Aim of the task
From the line containing "Martial Arts School" to the line containing "Multicultural wedding invitation" in the entries below, reproduce every line exactly, ends included. Nothing else belongs in the copy, and no pictures.
── Materials provided ──
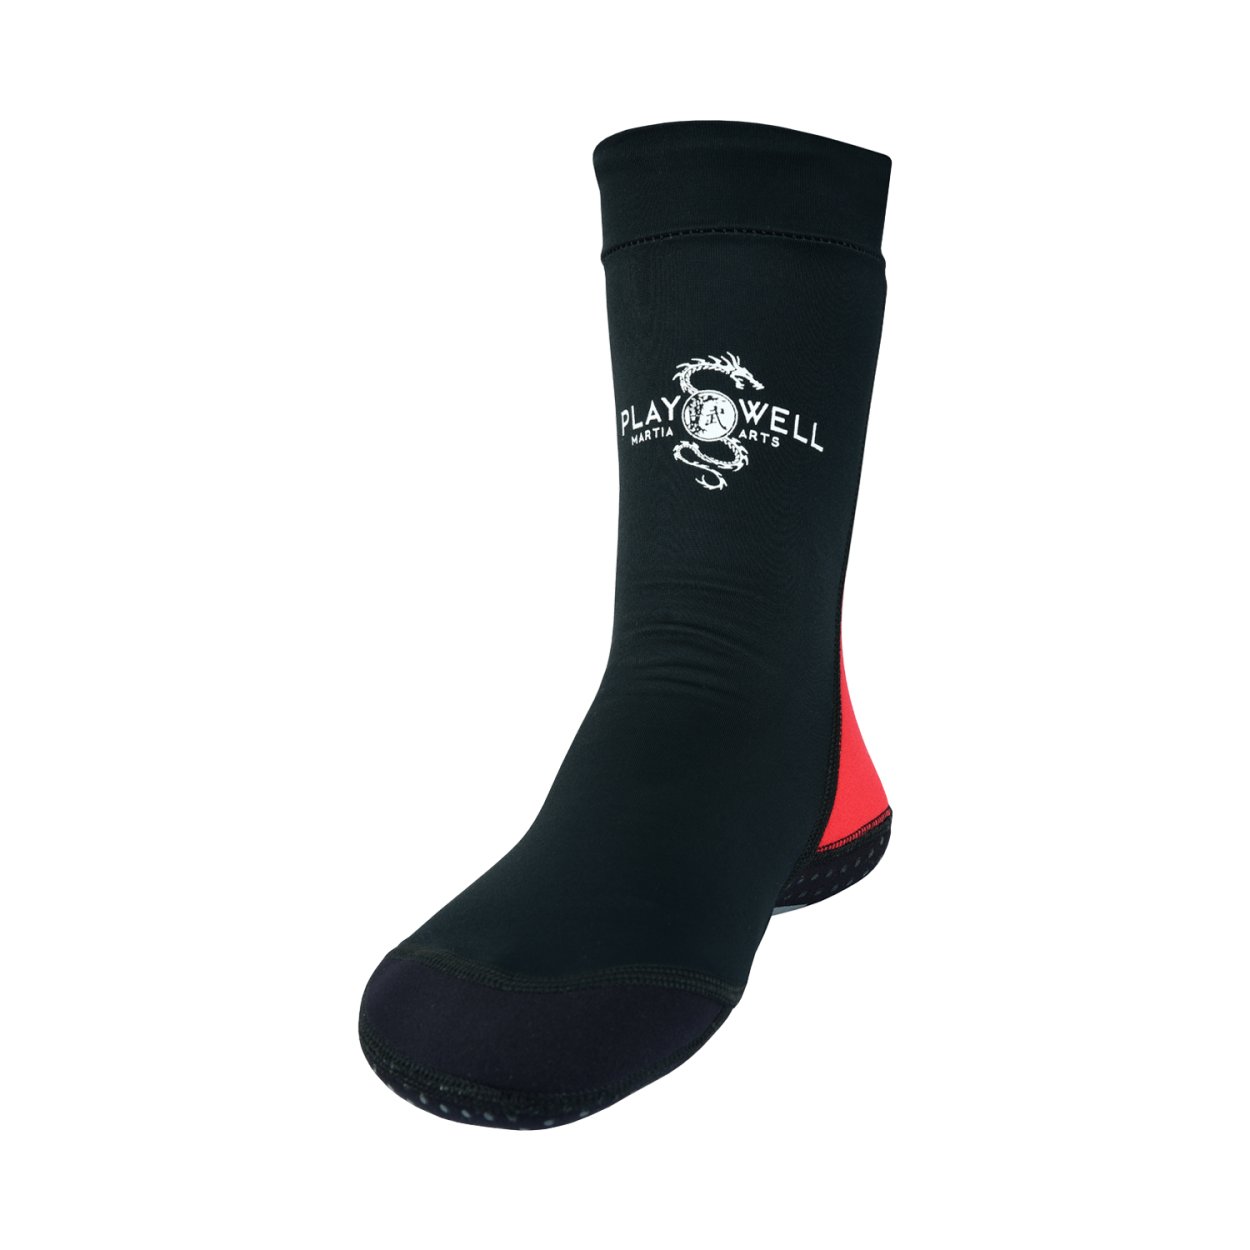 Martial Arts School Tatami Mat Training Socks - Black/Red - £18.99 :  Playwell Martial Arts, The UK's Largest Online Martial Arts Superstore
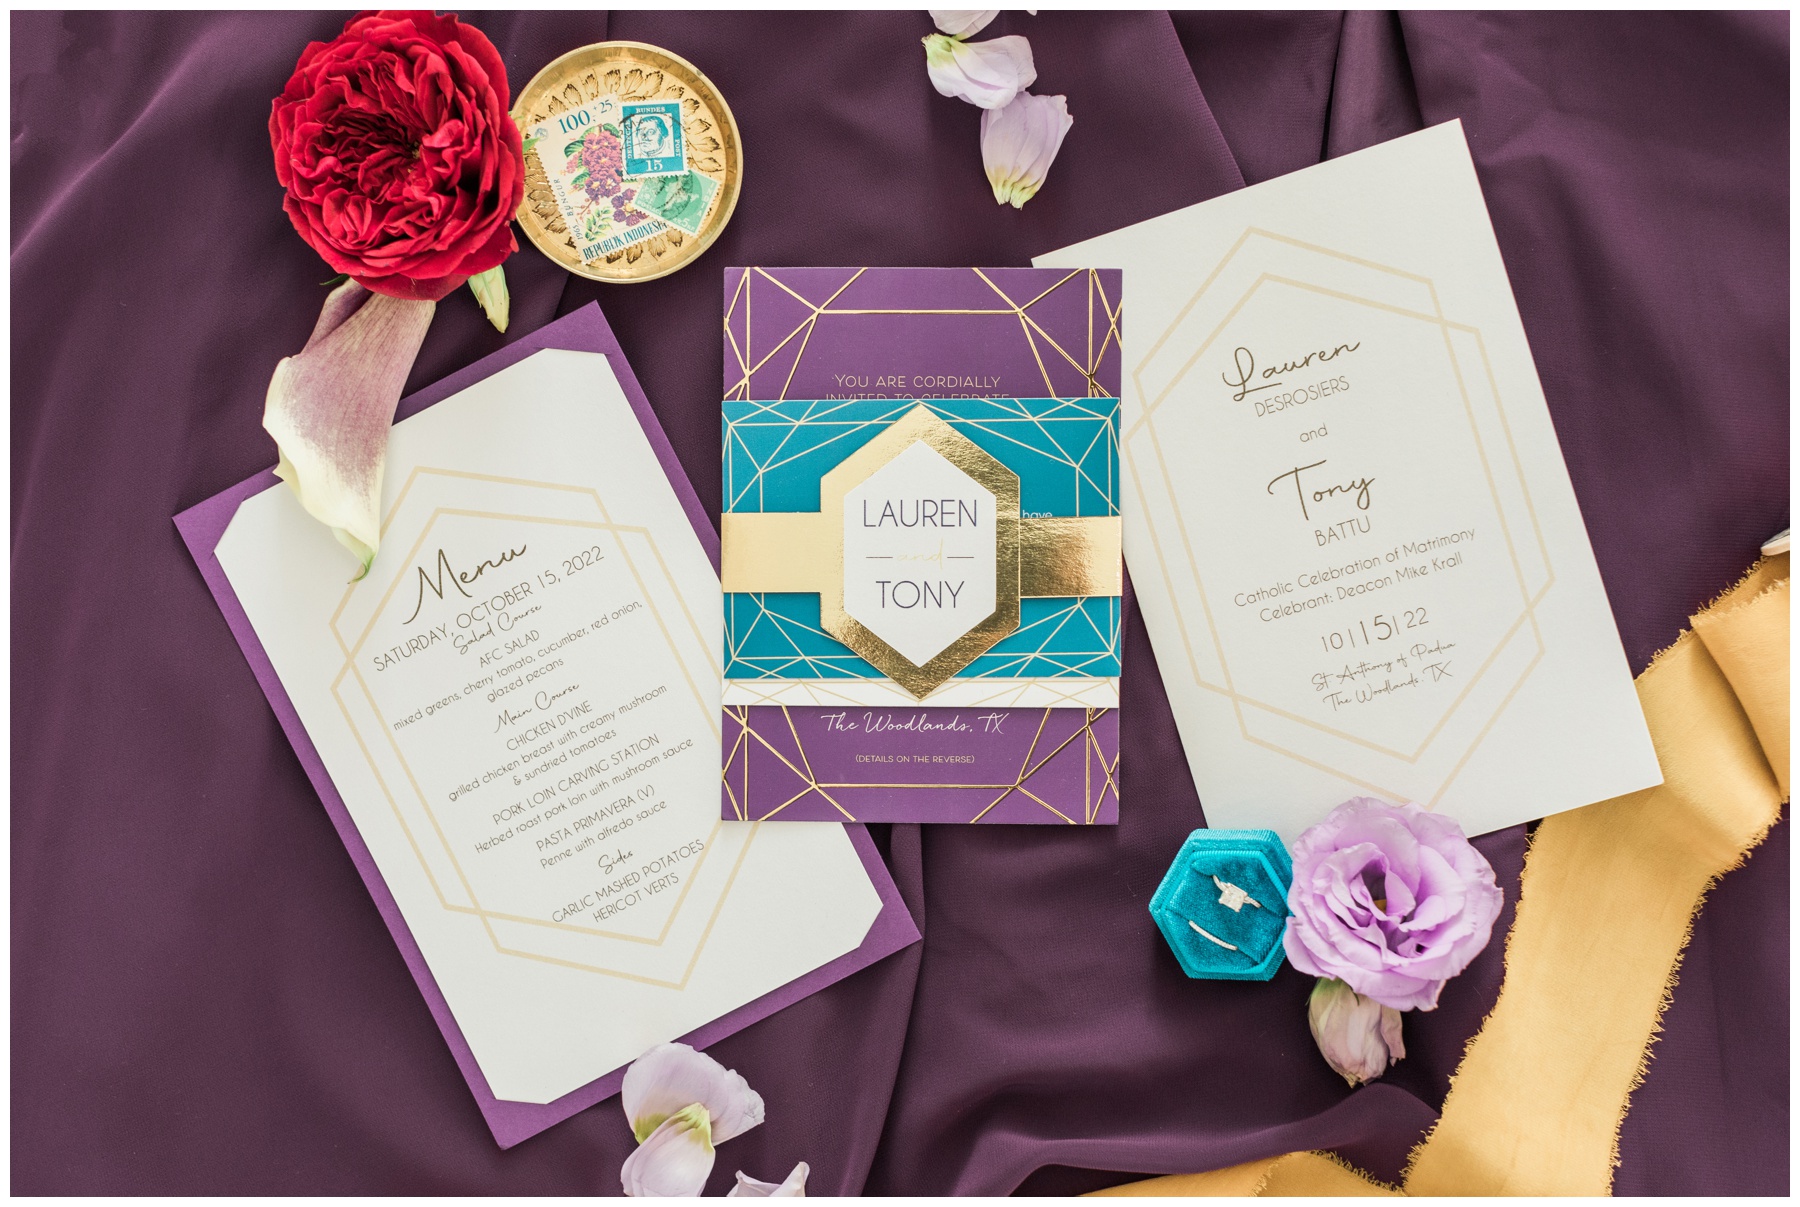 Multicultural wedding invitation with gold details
───
── Materials provided ──
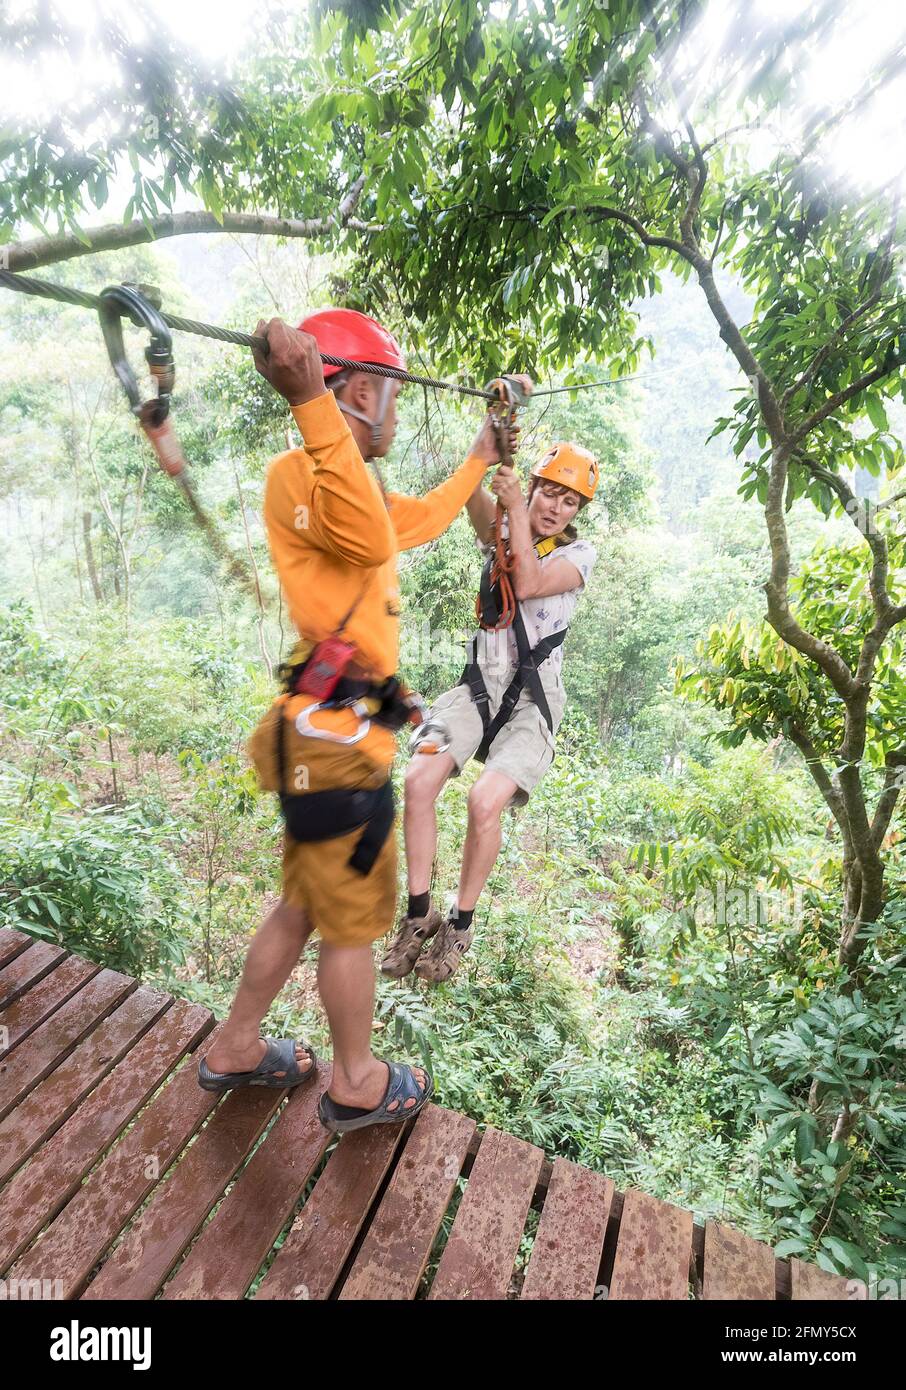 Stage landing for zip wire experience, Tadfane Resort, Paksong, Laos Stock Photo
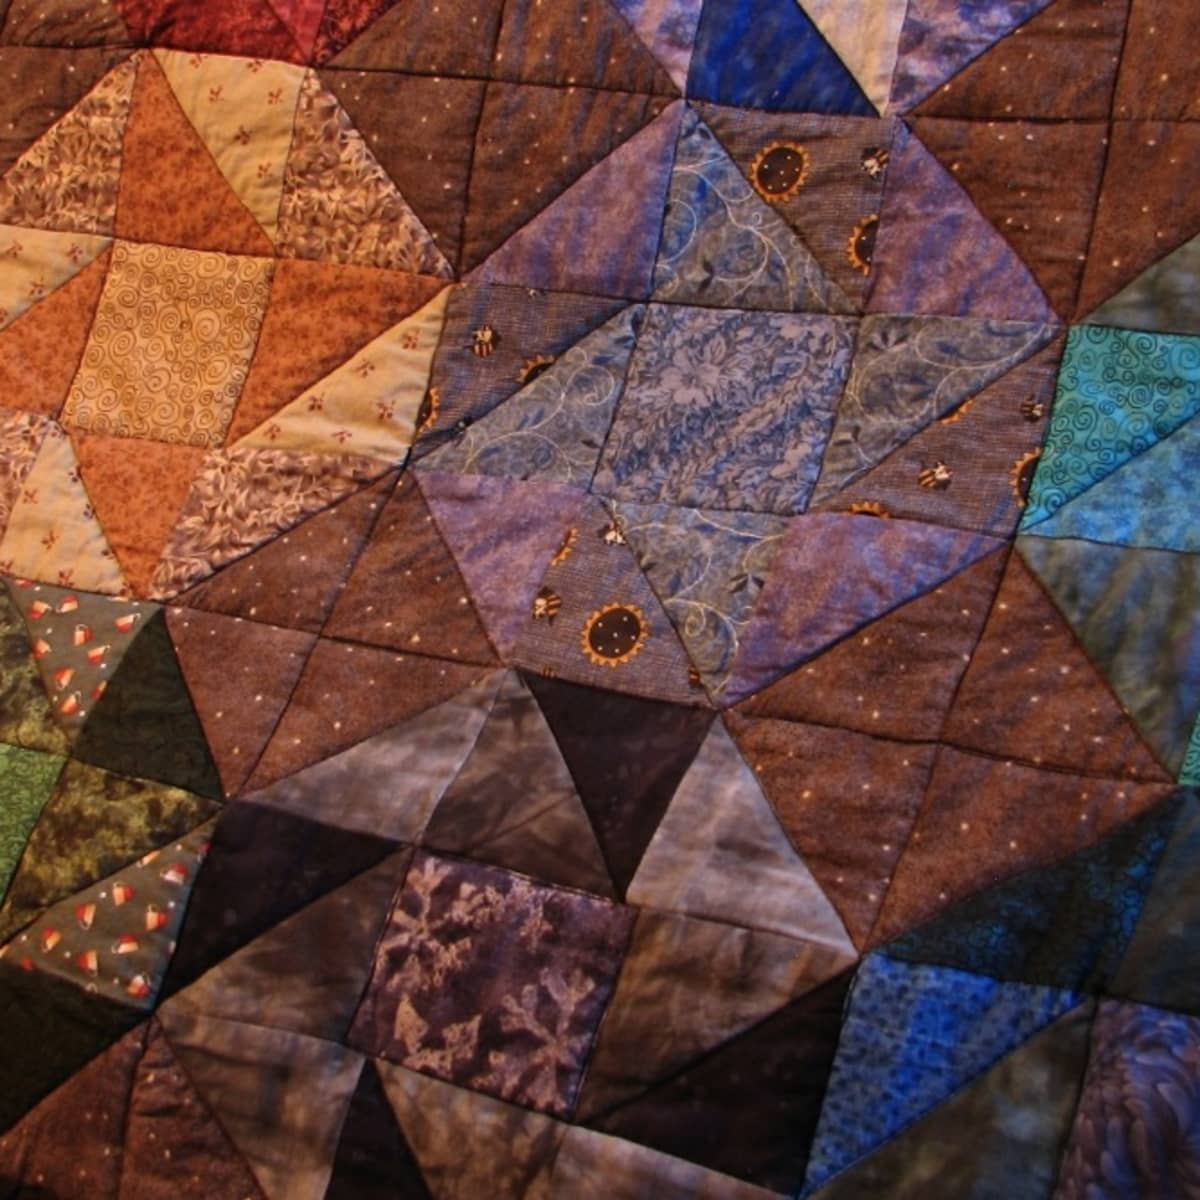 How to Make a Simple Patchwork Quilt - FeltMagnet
───
Written answer
 Martial Arts School Tatami Mat Training Socks - Black/Red - £18.99 :  Playwell Martial Arts, The UK's Largest Online Martial Arts Superstore
 Multicultural wedding invitation with gold details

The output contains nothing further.